◆ Exercise data:
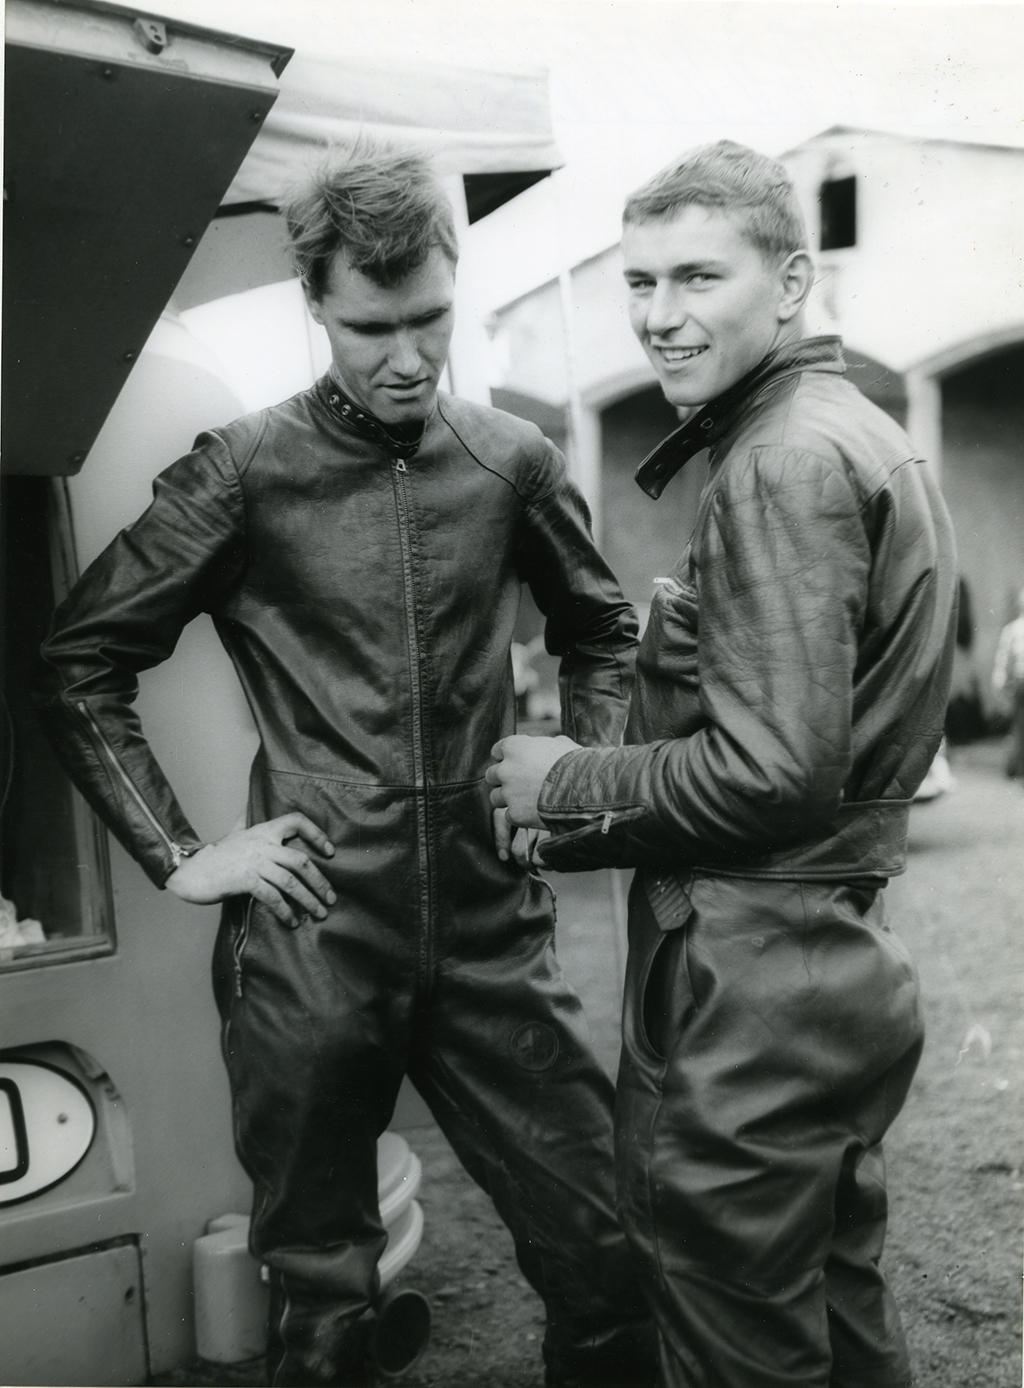 Two men wearing leathers
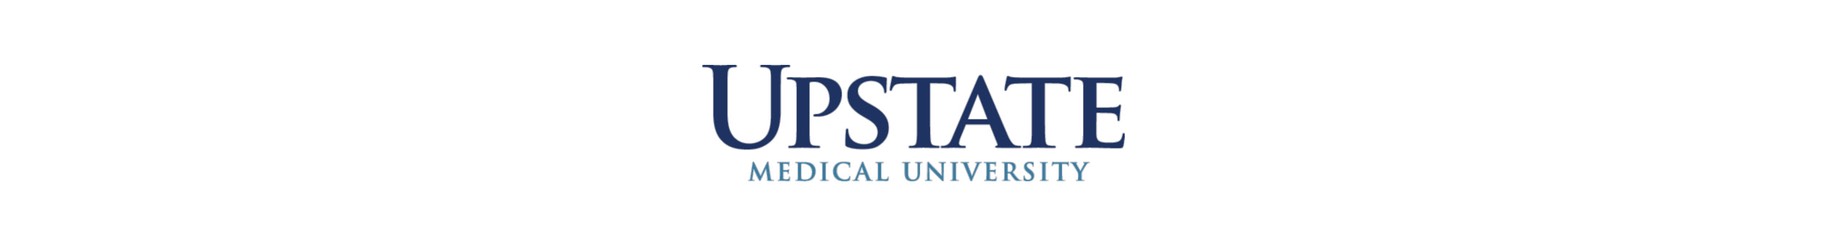 Upstate logo centered
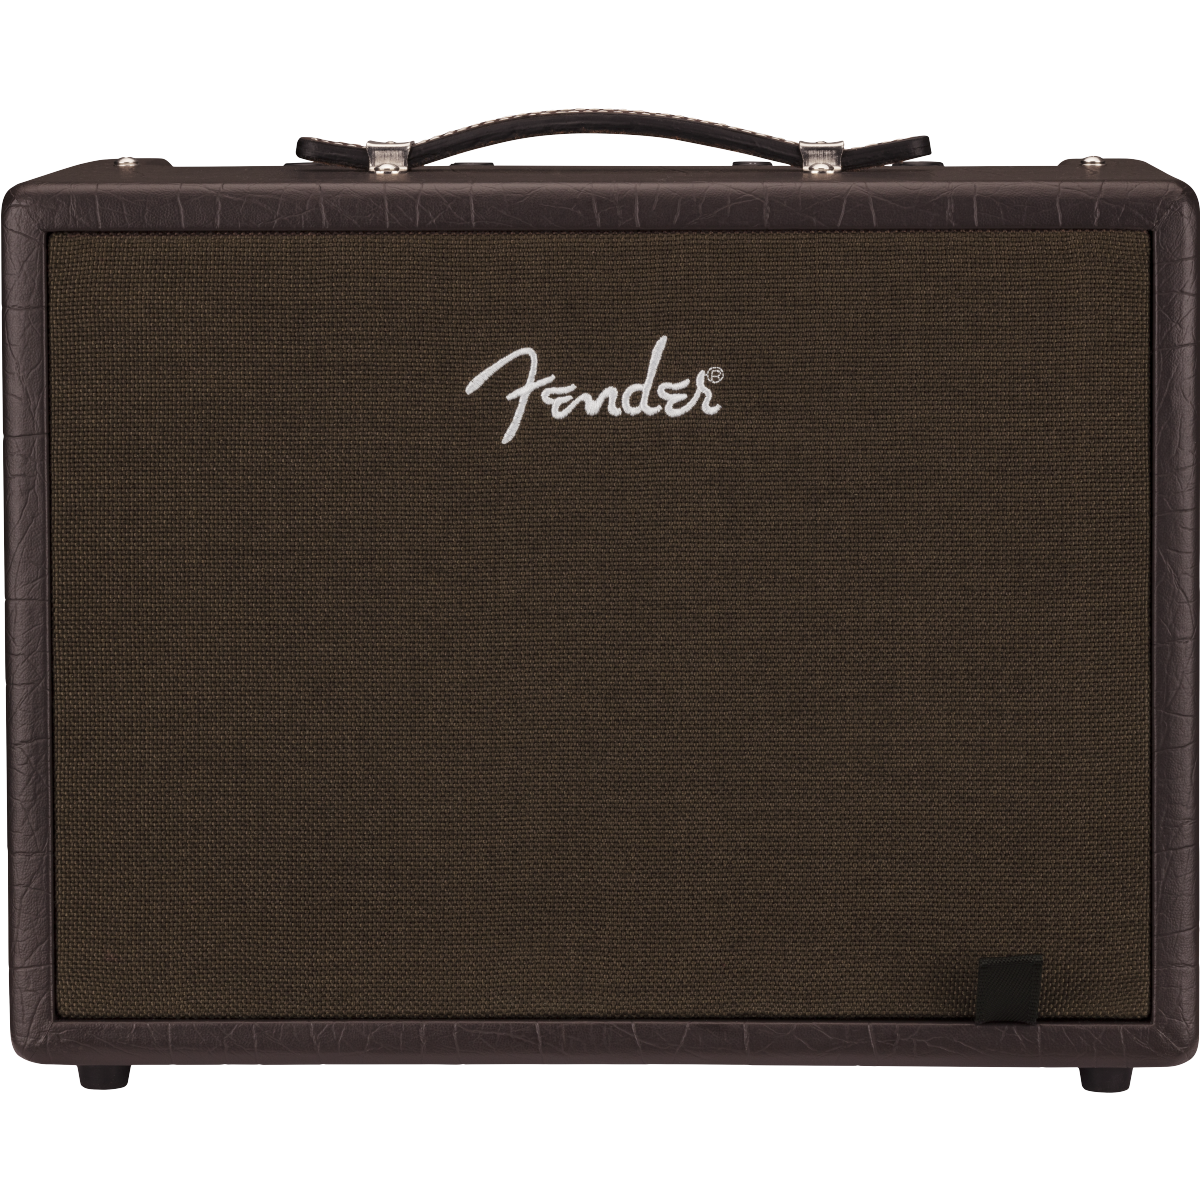 Fender 231-4300-000 Acoustic Junior Amplifier

◆ What the exercise asks:
Everything in the listing above is to be given again exactly, apart from the pictures.

◆ Answer for the task:
 Two men wearing leathers
 Upstate logo centered
 Fender 231-4300-000 Acoustic Junior Amplifier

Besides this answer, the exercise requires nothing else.